Is llms.txt actually used by anyone?
Yes, and adoption is growing fast. The cohort matters: API-first SaaS, developer tools, and content-rich sites are early adopters. Anthropic's Claude, OpenAI's ChatGPT browsing, Perplexity, and several IDE-integrated agents read llms.txt at site root. The cost of writing one is low (a Markdown file with site description + key page links); the upside is being legibly mapped for agents that prefer structured discovery to crawl-everything fallback. Even in Spekto's calibration corpus, the 17% adoption is up sharply from <5% in early 2025.
What's the right robots.txt for an agent-friendly site?
Allow the standard search bots (Googlebot, Bingbot), allow major AI agent UAs (GPTBot, ClaudeBot, PerplexityBot, Google-Extended, Applebot-Extended, ChatGPT-User, Claude-User, Perplexity-User), allow social-preview UAs (FacebookExternalHit, Twitterbot, LinkedInBot), and allow all unspecified UAs by default. Block paths that genuinely shouldn't be indexed (admin areas, search-result pages with thin content). The detail matters: explicit User-agent: GPTBot blocks shouldn't appear unless you specifically intend to opt out of OpenAI's training and citation surfaces.
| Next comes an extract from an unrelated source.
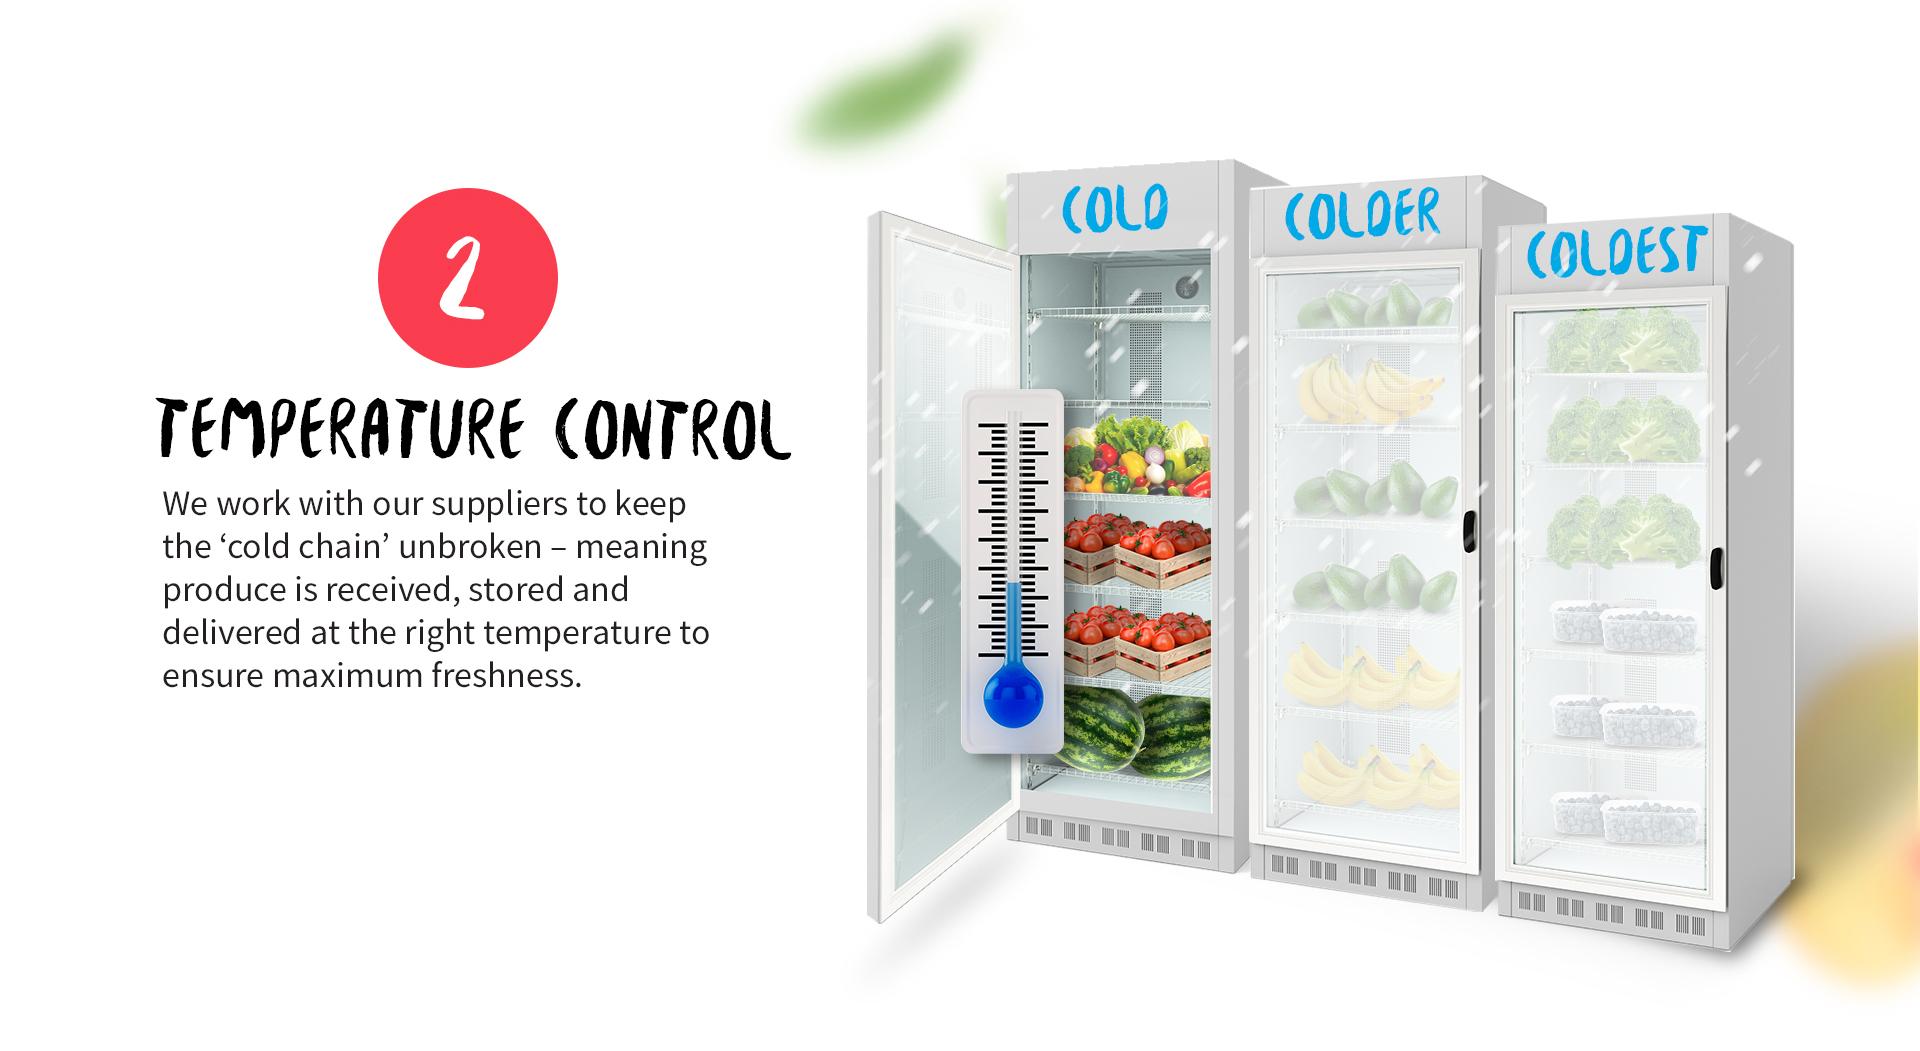 02_temperaturecontrol.jpg

Do AI Overviews respect `noindex`?
Yes. Pages with noindex in <meta name='robots'> or as an HTTP X-Robots-Tag header are excluded from Google's index, which means they're excluded from AI Overviews. The implication: if you want a page cited by AI Overviews, it must be indexable. The corollary: pages you explicitly noindex (login, search-result, gated content) are not citation candidates. Most sites accidentally noindex more than they realize.
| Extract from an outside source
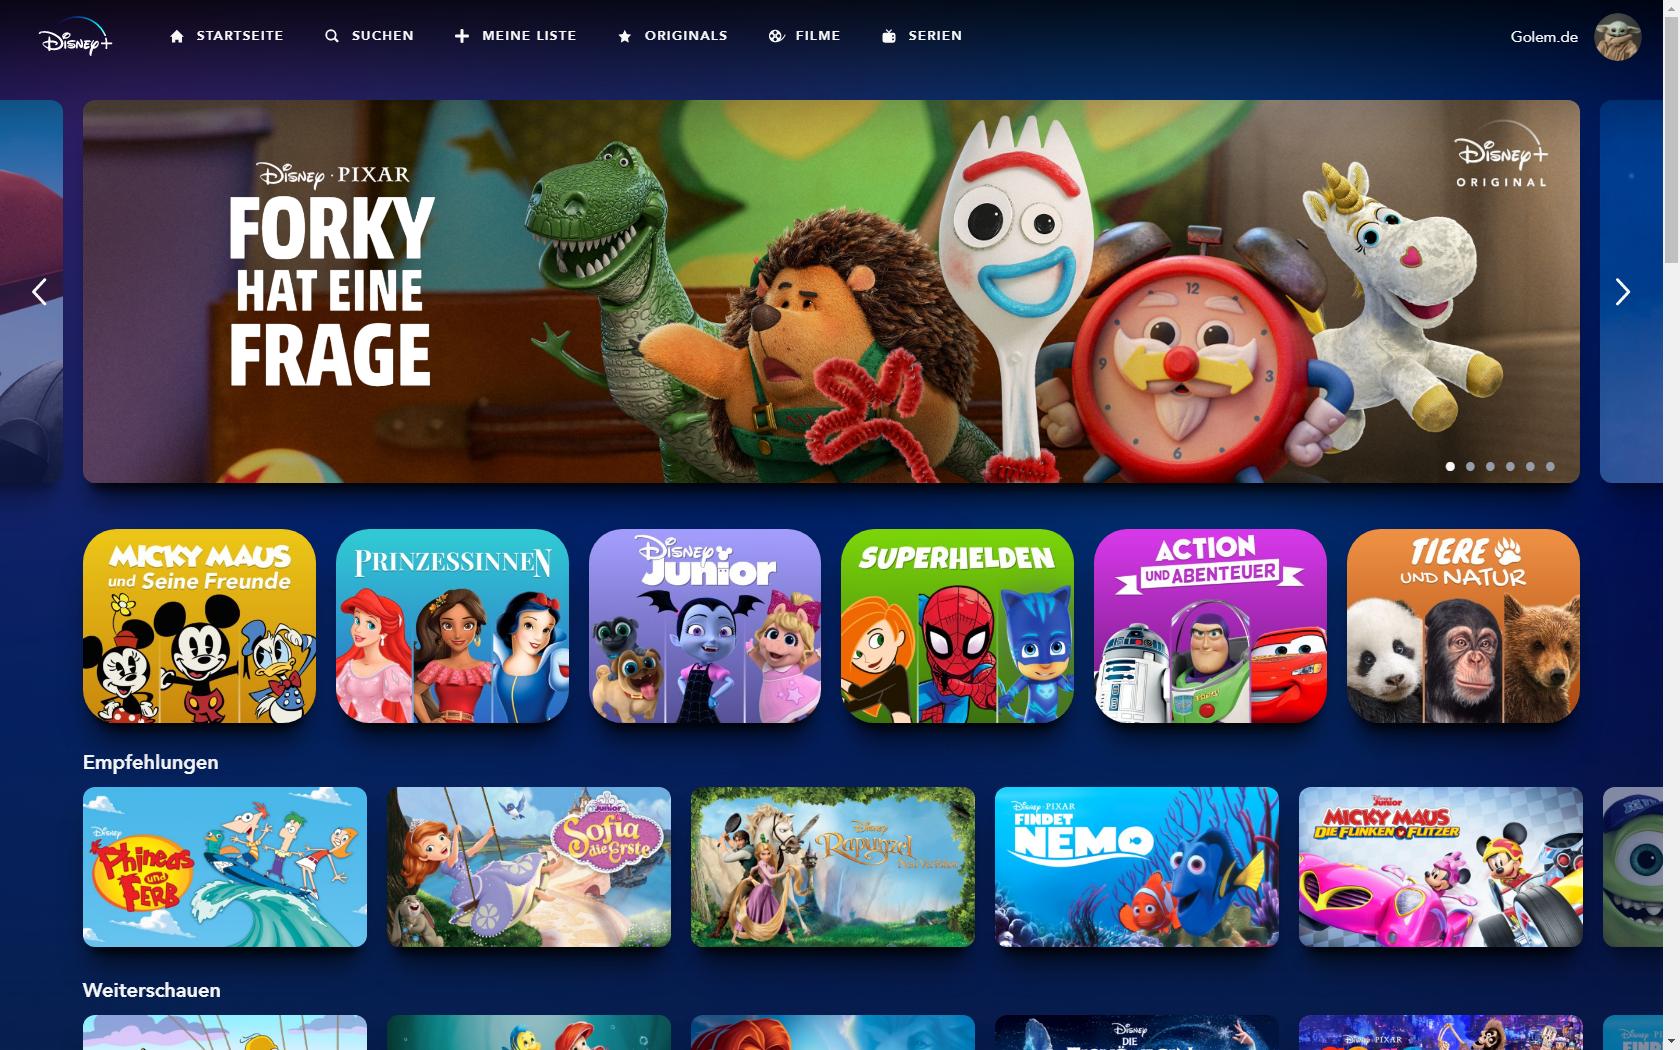 Konkurrenz für Netflix und Prime Video: Disney nennt Filme und Serien für Disney+ in Deutschland - So sieht Disney+ mit Kinderprofil aus. (Bild: Disney+/Screenshot: Golem.de)

How can I see what GPTBot, ClaudeBot, etc. actually fetched?
Server logs filtered by user-agent string are the canonical source — search for 'GPTBot/', 'ClaudeBot/', 'PerplexityBot/' patterns. Cloudflare, Fastly, and Akamai expose this in their analytics dashboards. Vercel publishes per-bot request volumes in their Web Analytics. The exercise is worth doing: most site owners are surprised by either how much or how little AI crawler traffic they actually receive.